17-5. Two loudspeakers are vibrating in phase. They are set up as in figure 17.9, and point C is located as shown there. The speed of sound is 343 m/s. The speakers play the same tone. What is the smallest frequency that will produce destructive interference?
From the figure, you can see that one of the speakers is a distance of 2.40 m from the listener, and, using Pythagoras' theorem, you can calculate that the other speaker is 4.00 m from the listener. The path difference is therefore 1.60 m.
For destructive interference, the two waves must arrive at the listener exactly out of phase, and they will do this is their path difference is a half wavelength, or one and a half wavelengths, or any odd number of half wavelengths. The smallest frequency corresponds to the longest wavelength that satisfies one of these conditions, and this is the value such that
l/2 = path difference = 1.60 m
l = 3.20 m
The frequency of a wave with this wavelength is
f = (343 m/s) / (3.20 m) = 107 Hz
17-30. A string of length 2.50 m is fixed at both ends. When the string vibrates at a frequency of 85.0 Hz, a standing wave with five loops is formed. (a) What is the wavelength of the waves that travel on the string? (b) What is the speed of the waves? (c) What would be the fundamental frequency of this string?

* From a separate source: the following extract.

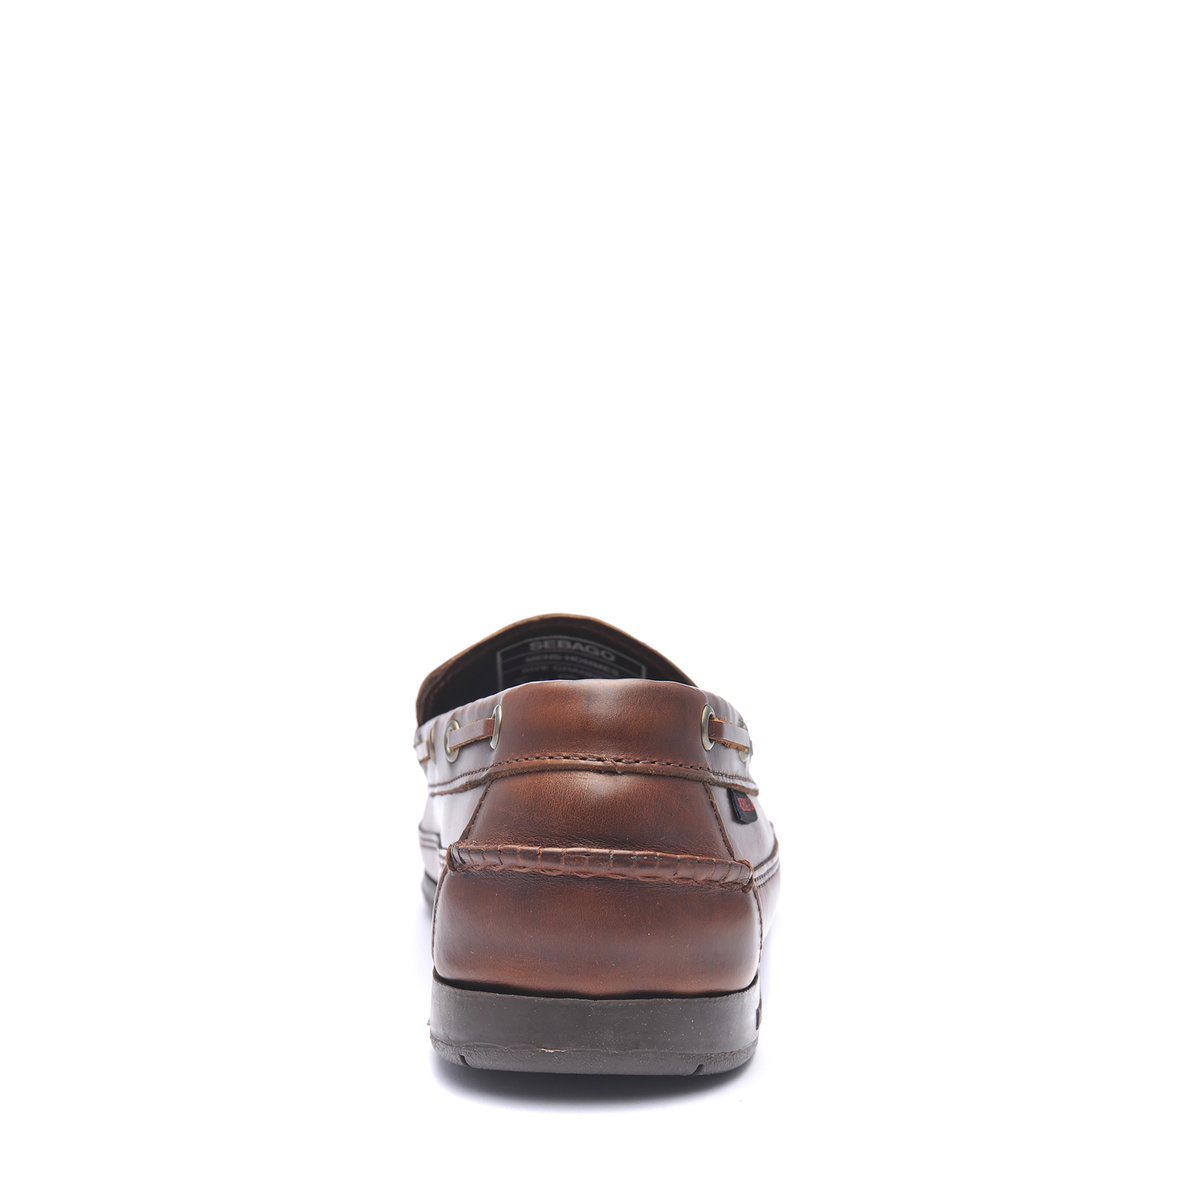 Ketch Waxed Leather Loafer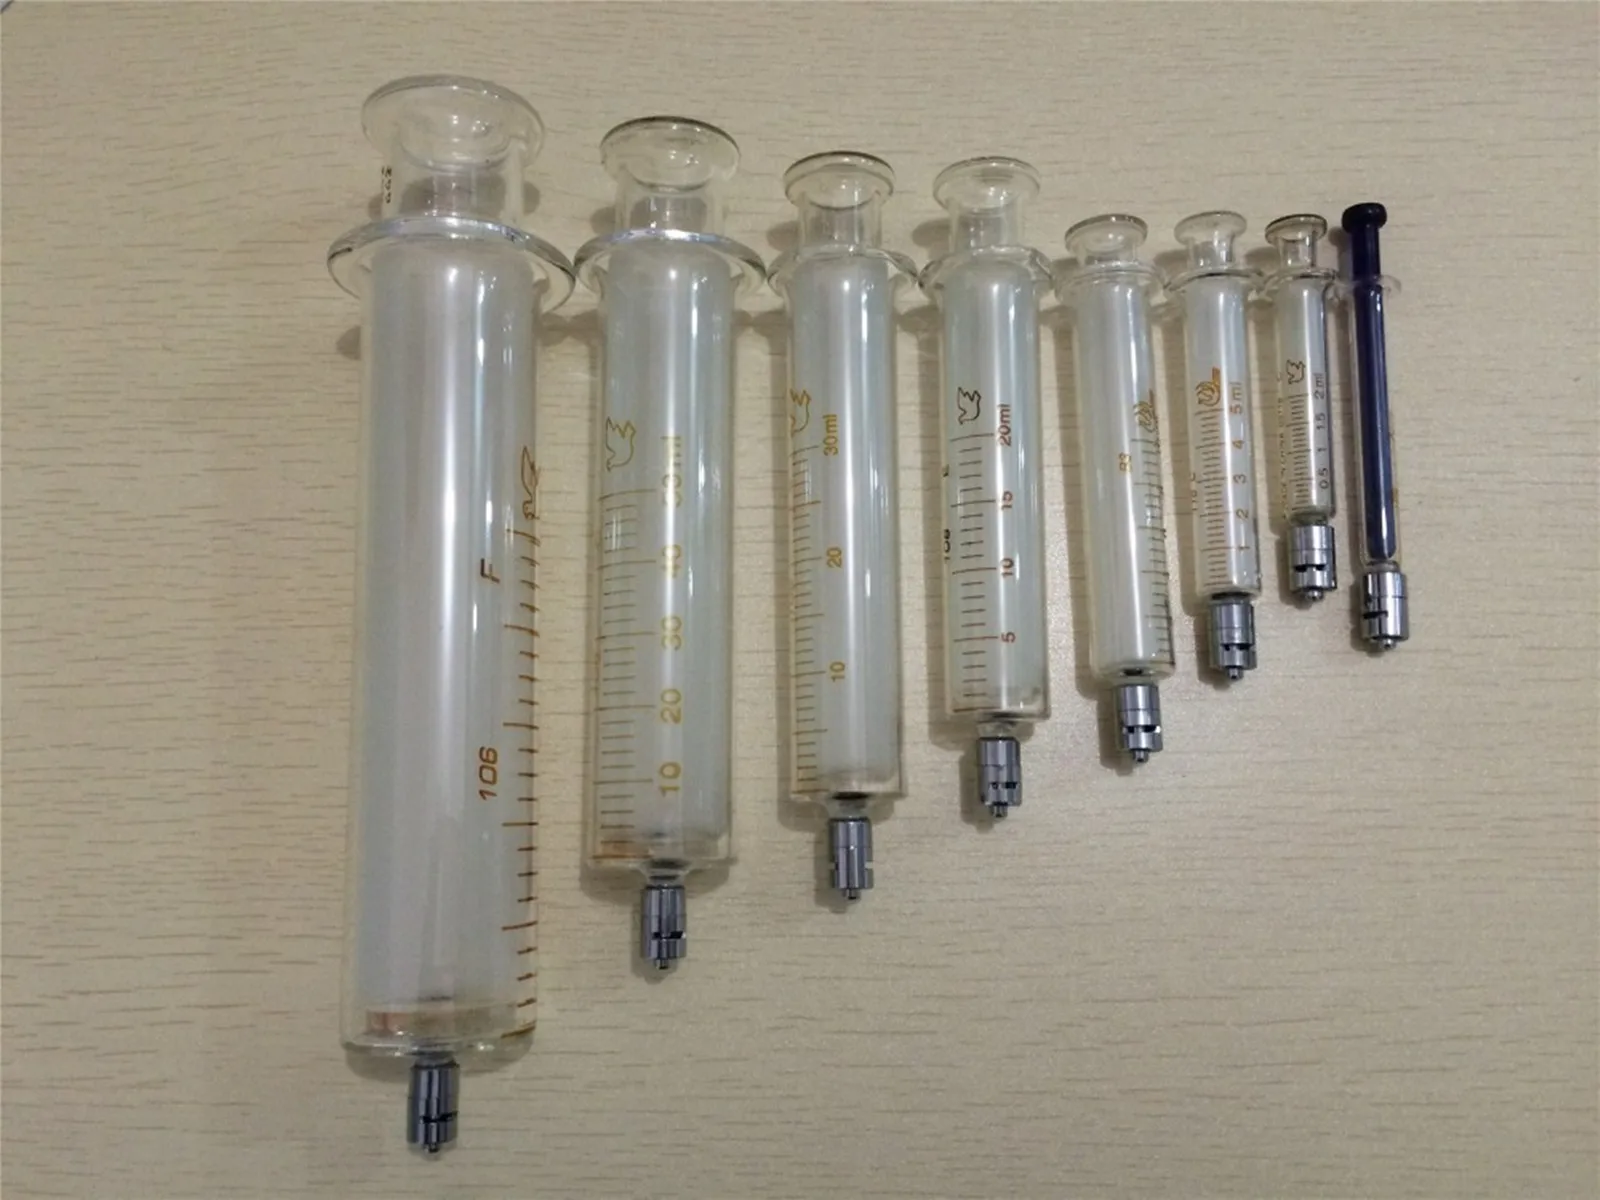 

1ml 2ml 5ml 10ml 20ml 30ml 50ml 100ml Glass Syringe Luer Lock Injector Lab Glassware Recycling Sampler For Experiment

(a) Five loops means that there are four nodes inside the string, and that n is 5. The wavelength is (2L)/n = 2(2.50 m)/5 = 1.00 m. Alternatively, you can recognize that five loops is two and a half waves, and (2.50 m)/(2.5) = 1.00 m.
(b) v = fl = (85.0 Hz)(1.00 m) = 85.0 m/s
(c) For n = 1, l = 2L/1 = 5.00 m, and
f = v/l = (85.0 m/s)/(5.00 m) = 17.0 Hz
17-48. A person hums into the top of a well and finds that standing waves are established at frequencies of 42, 70.0, and 98 Hz. The frequency of 42 Hz is not necessarily the fundamental frequency. The speed of sound is 343 m/s. How deep is the well?
(This doesn't sound practical to me!)
Standing waves in a pipe that is closed at one end have wavelengths l = 4L, 4L/3, 4L/5, ...
The frequencies are
f = v/l = n(v/4L), n = 1, 3, 5, ...
The three frequencies 42, 70.0, and 98, must all be odd multiples of the fundamental frequency. By trial and error, you can find that they are all multiples of 14, with n = 3, 5, 7. (A more methodical approach is to see that the difference between adjacent frequencies is 2(v/4L), or twice the fundamental frequency, and the differences between 42 and 70.0, and 70.0 and 98, are both 28, so the fundamental frequency is 14 Hz. (This would not be audible, so you can't fault the whistler for not hearing it.)
The wavelength of the fundamental vibration is (343 m/s)/(14 Hz) = 24.5 m, and the depth of the well is one quarter of this, which is 6.13 m.